The reply should consist solely of the lines from the one that holds "New year 2016" through the last line of the material, reproduced exactly; no pictures belong in it.

+++ Available data

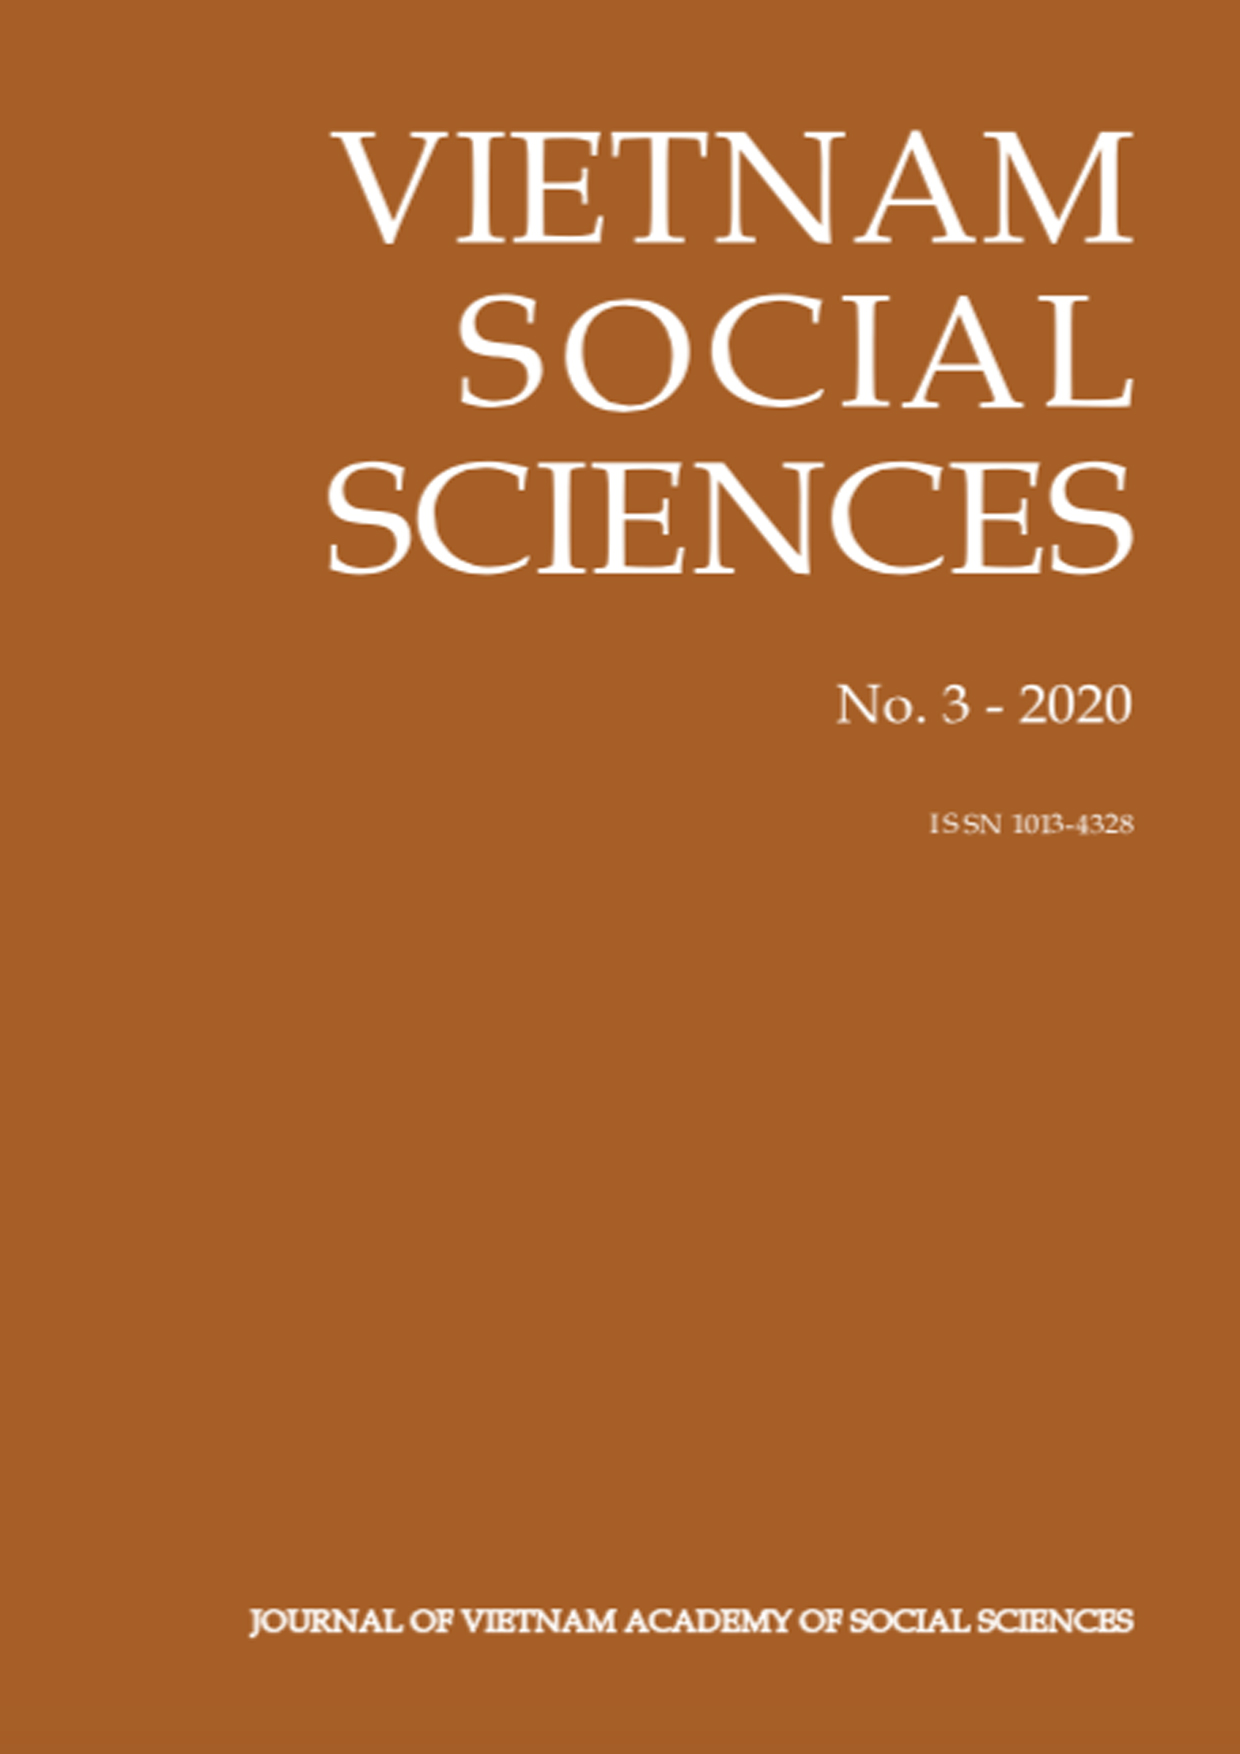 Vietnam Social Sciences. No. 3 - 2020
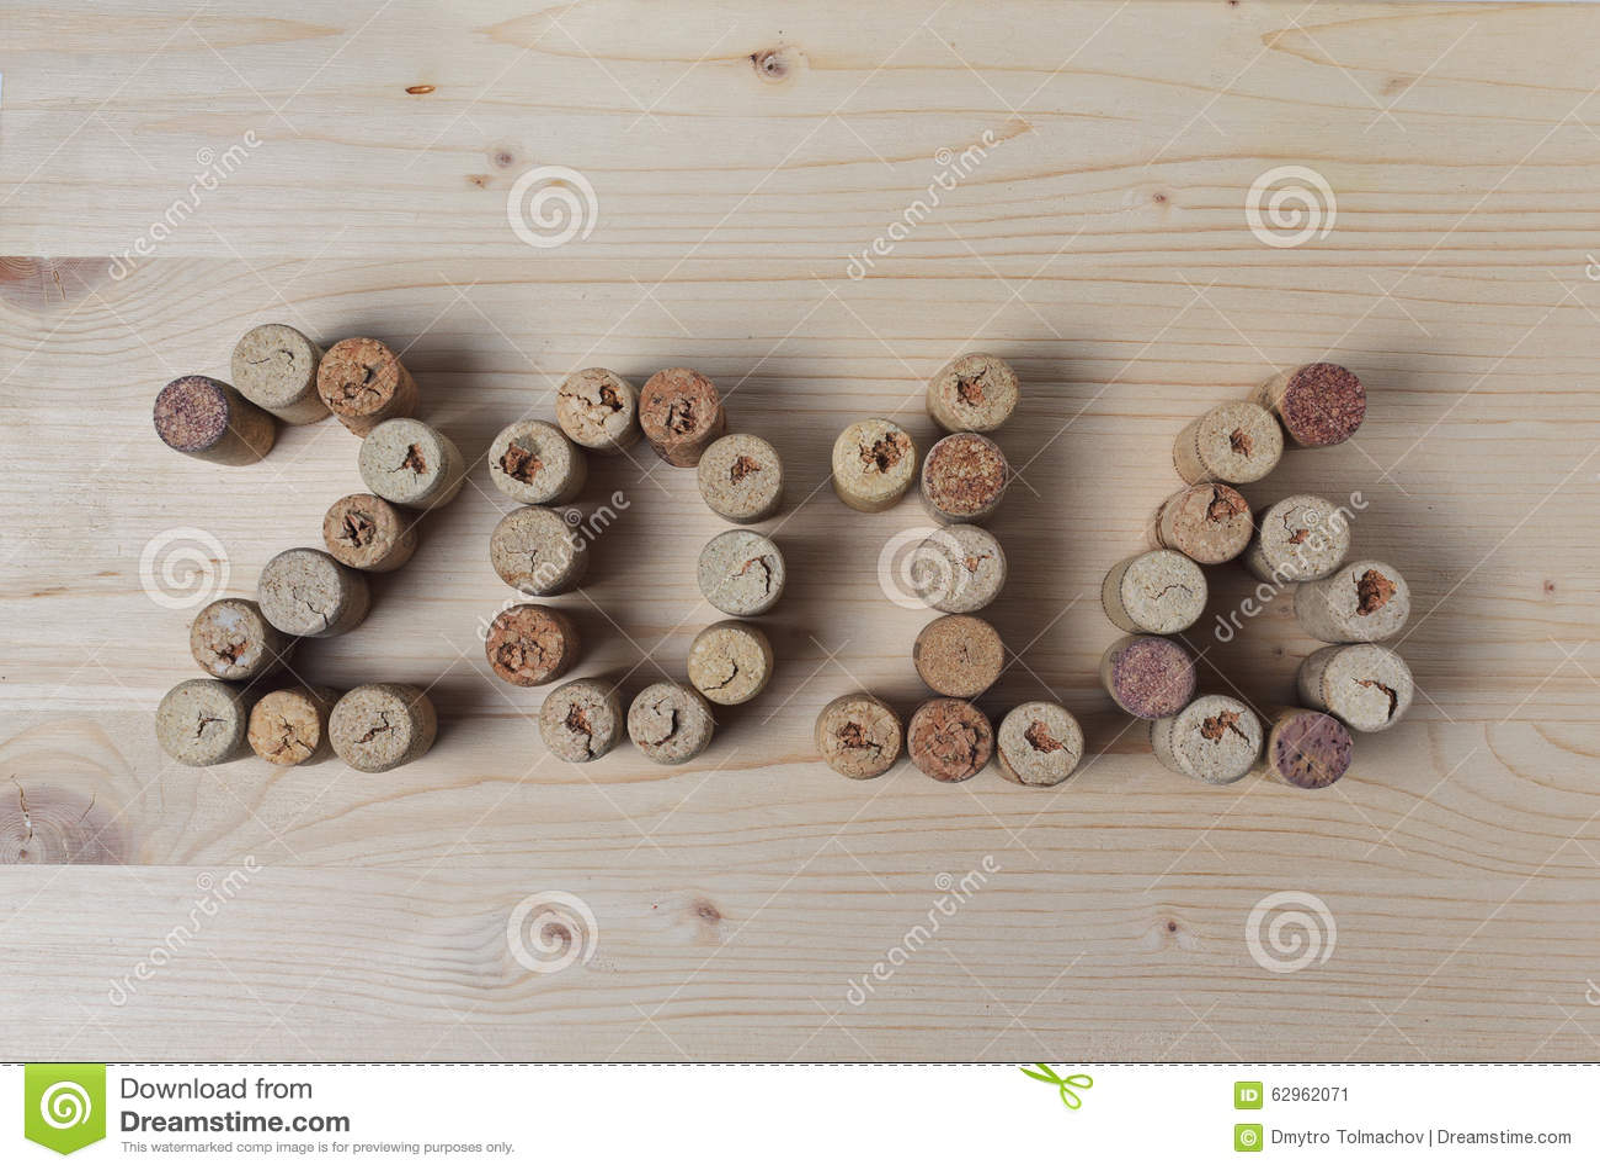 New year 2016 stock photo image 58693644 -  2016
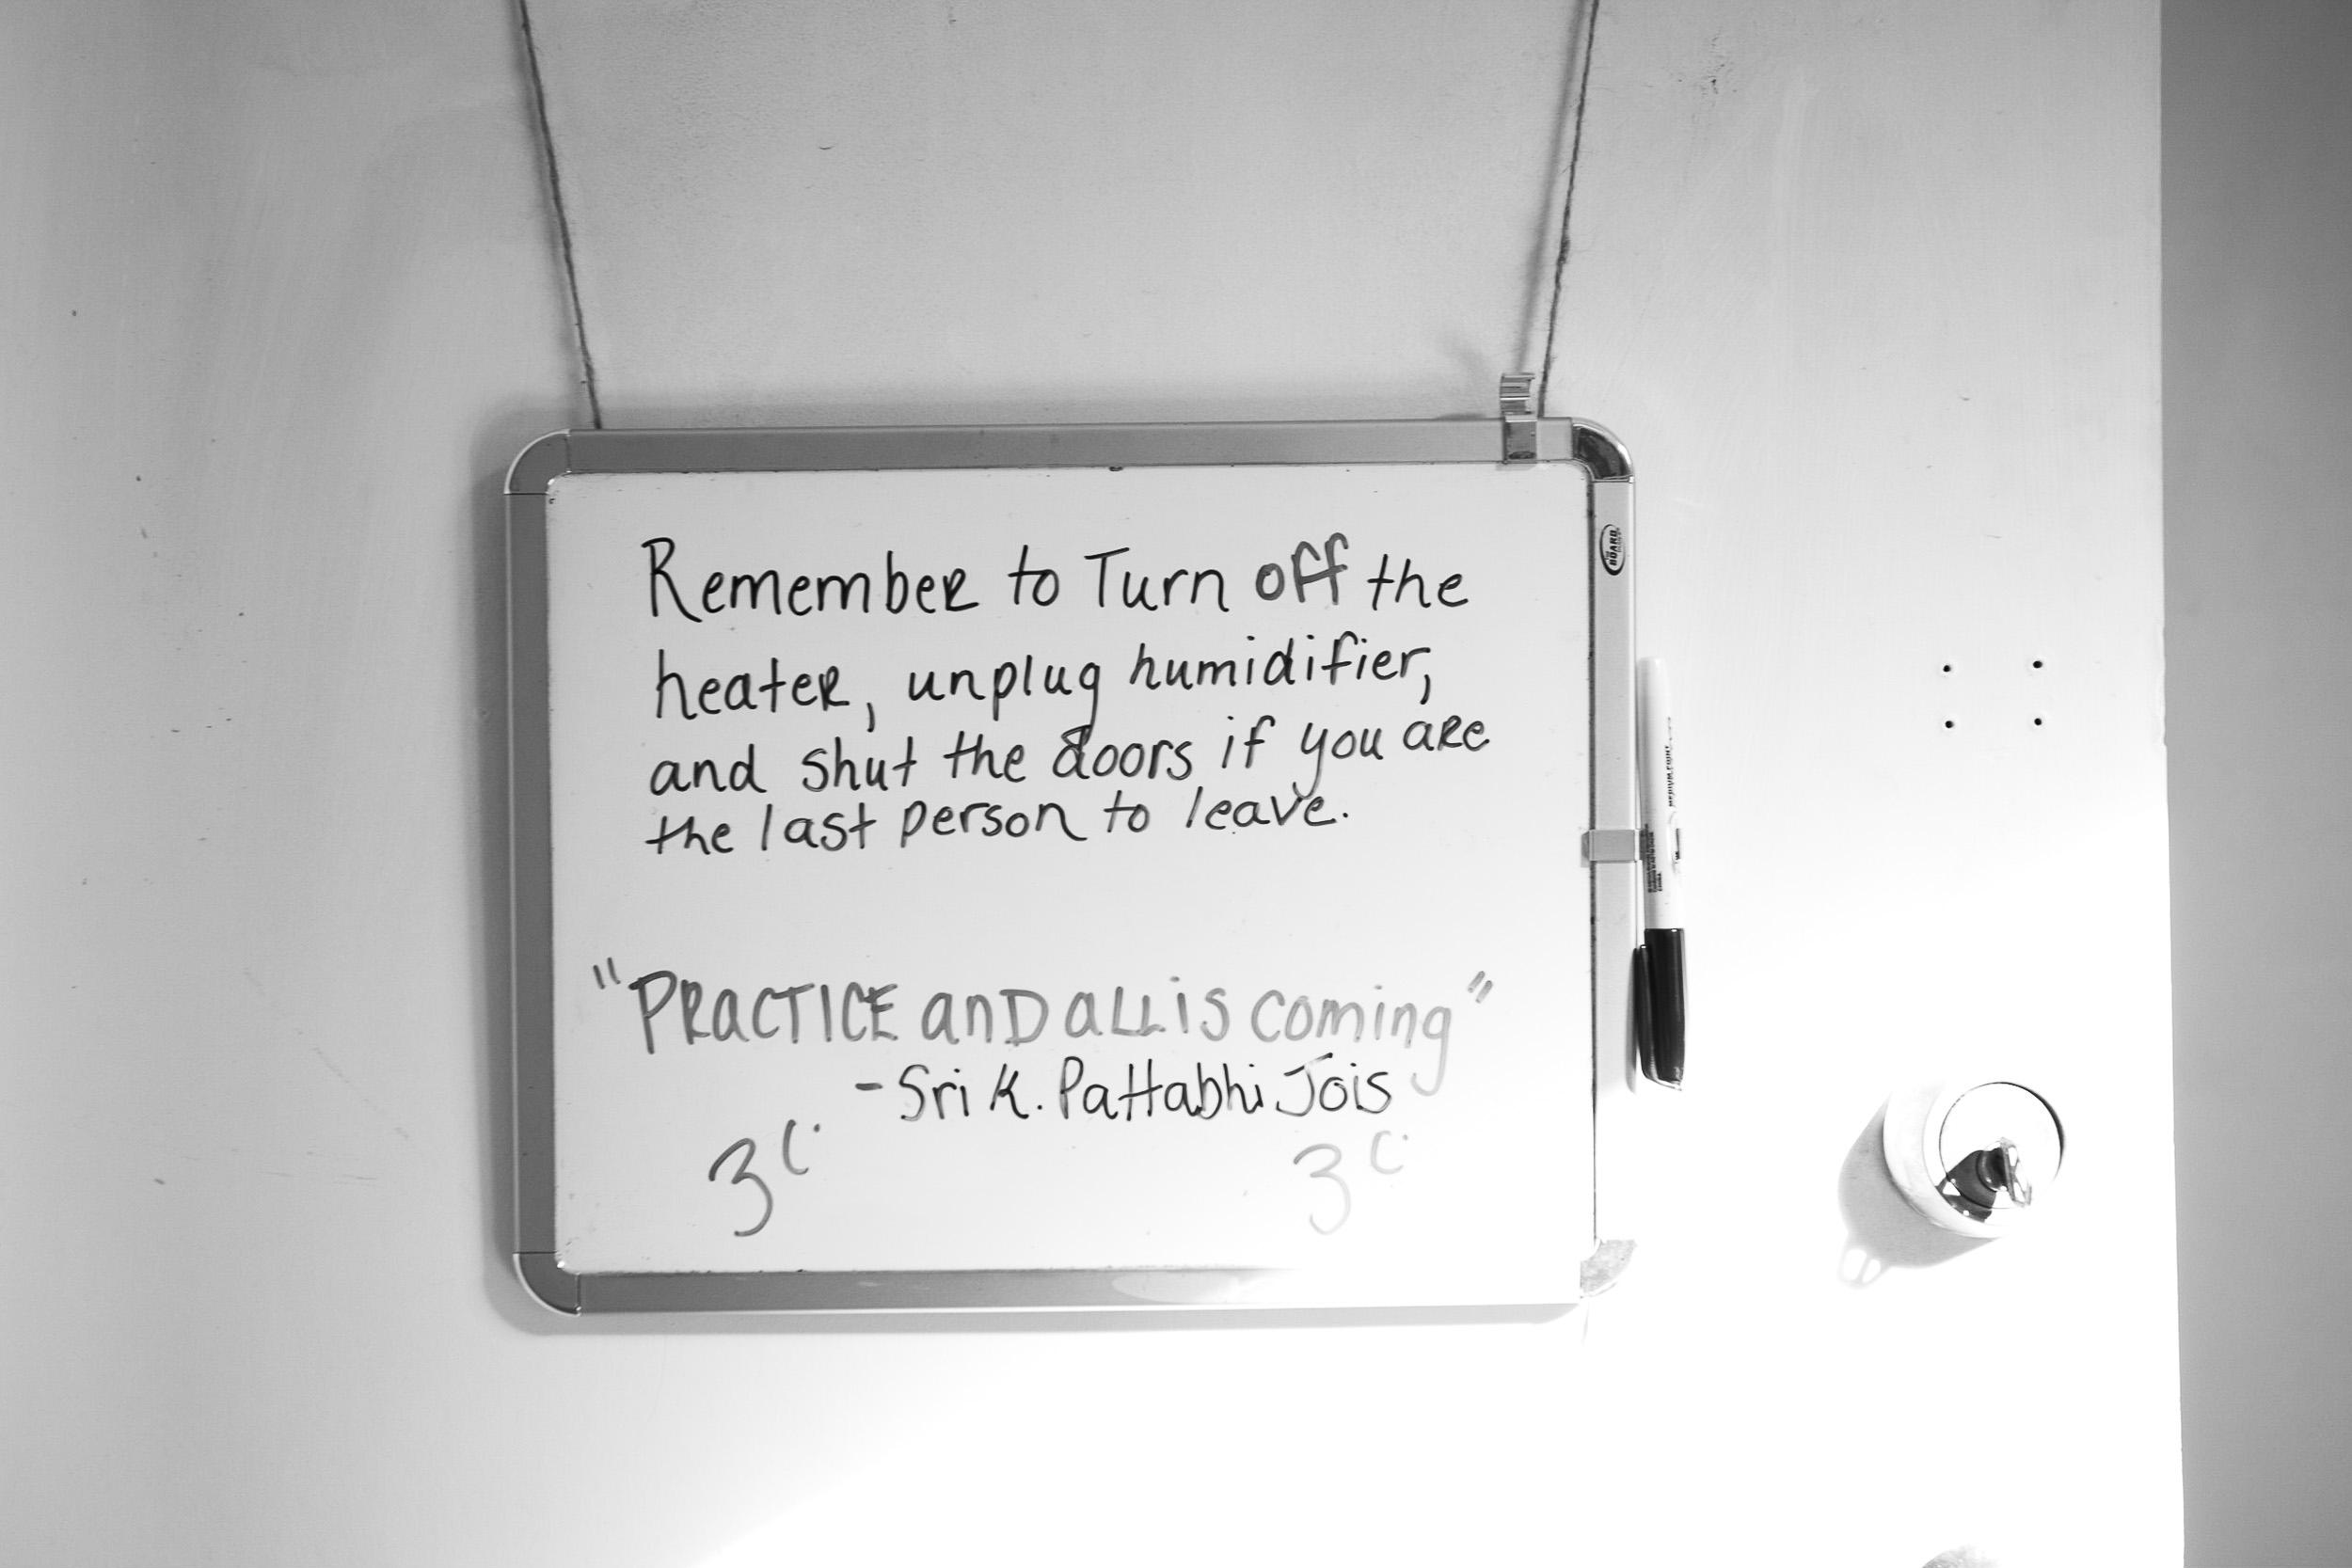 quote by the late master Guruji Sri K. Pattabhi Jois

++++++

Your solution:
 New year 2016 stock photo image 58693644 -  2016
 quote by the late master Guruji Sri K. Pattabhi Jois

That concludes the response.